Inhoudsopgave van deze pagina:


1.

Wettelijke regeling en reglement

Sinds 1983 heeft de ministerraad een plaats in de Grondwet. Artikel 45 is aan deze vergadering van ministers gewijd. De werkwijze van de ministerraad is verder geregeld in het reglement van orde van de ministerraad. In artikel 4 van dit Reglement wordt ook opgesomd waarover de ministerraad beraadslaagt en besluit, zoals wetsvoorstellen, algemene maatregelen van bestuur, verdragen en benoemingen van hoge ambtenaren.

De voorzitter van de ministerraad is de minister-president; de vicepremier(s) is/zijn ondervoorzitter.

2.

Vergaderingen

De ministerraad vergadert in principe iedere vrijdag. Dat gebeurt meestal in de Trêveszaal van het ministerie van Algemene Zaken aan het Binnenhof, in Den Haag.

Tijdens de voorbereiding van de begroting voor het komende jaar en als er belangrijke actuele zaken zijn, vergadert de raad ook op andere dagen. De besprekingen van de raad zijn niet openbaar en hetgeen besproken wordt, is vertrouwelijk1). Wel geeft de minister-president na afloop van de vergadering een persconferentie over de besluiten die genomen zijn. Ook geeft de Rijksvoorlichtingsdienst (RVD) persberichten uit naar aanleiding van wat in de ministerraad is besproken. De notulen worden na 20 jaar openbaar.

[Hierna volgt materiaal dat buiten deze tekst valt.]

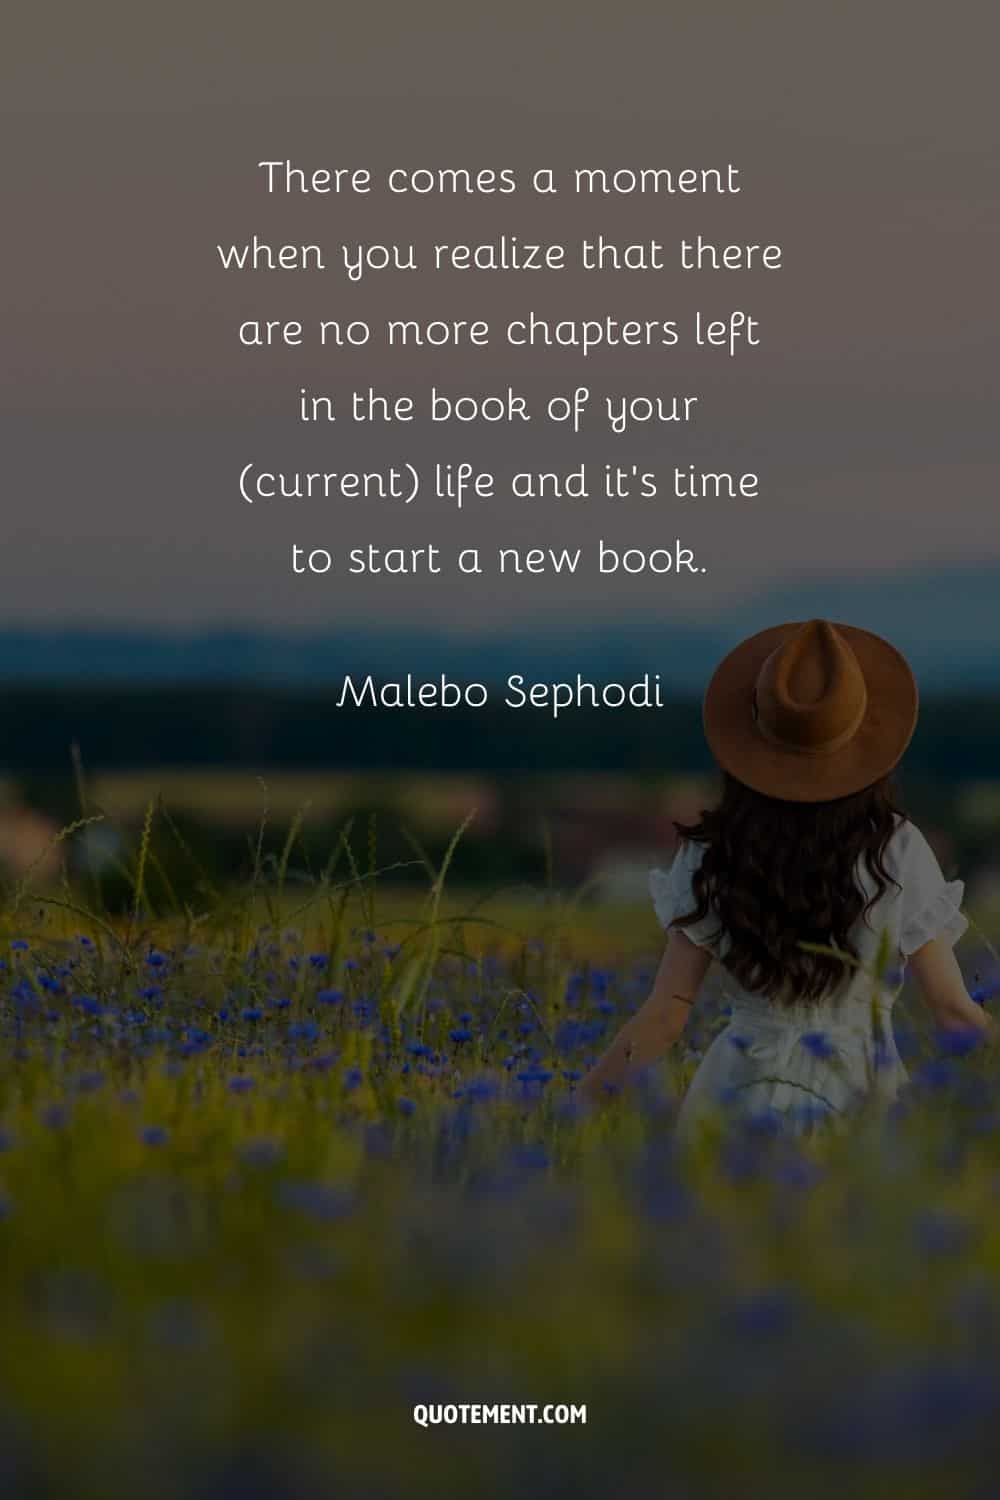 "Llega un momento en que te das cuenta de que no quedan más capítulos en el libro de tu vida (actual) y es hora de empezar un libro nuevo". - Malebo Sephodi

Indien nodig kan gestemd worden over een voorstel. In de praktijk komt een stemming echter weinig voor. Als een minister zich niet met een besluit kan verenigen dan is ontslag nemen de enige optie. Een tegenstemmende minister kan zich echter ook neerleggen bij het besluit.

3.

Bevoegdheden

De ministerraad besluit onder andere over voorstellen van (rijks)wet en ontwerpen van algemene maatregelen van (rijks)bestuur. Dit doet de ministerraad voordat deze aan de Raad van State van het Koninkrijk dan wel de Raad van State worden aangeboden.

Een wetsvoorstel wordt door de verantwoordelijke minister(s) of staatssecretaris(sen) voorgelegd. Wetsvoorstellen komen dus niet voor rekening van één minister, maar van het hele kabinet: "de regering spreekt met één mond". Als de ministerraad het niet eens kan worden over een wetsvoorstel, is dat een serieus probleem en kan dat leiden tot het aftreden van de minister. Dit komt zelden voor, omdat veel beleidsvoornemens tijdens de kabinetsformatie al in grote lijnen zijn besproken.

Als de Raad van State ernstige kritiek heeft op de voorstellen, vergadert de ministerraad over de consequenties hiervan.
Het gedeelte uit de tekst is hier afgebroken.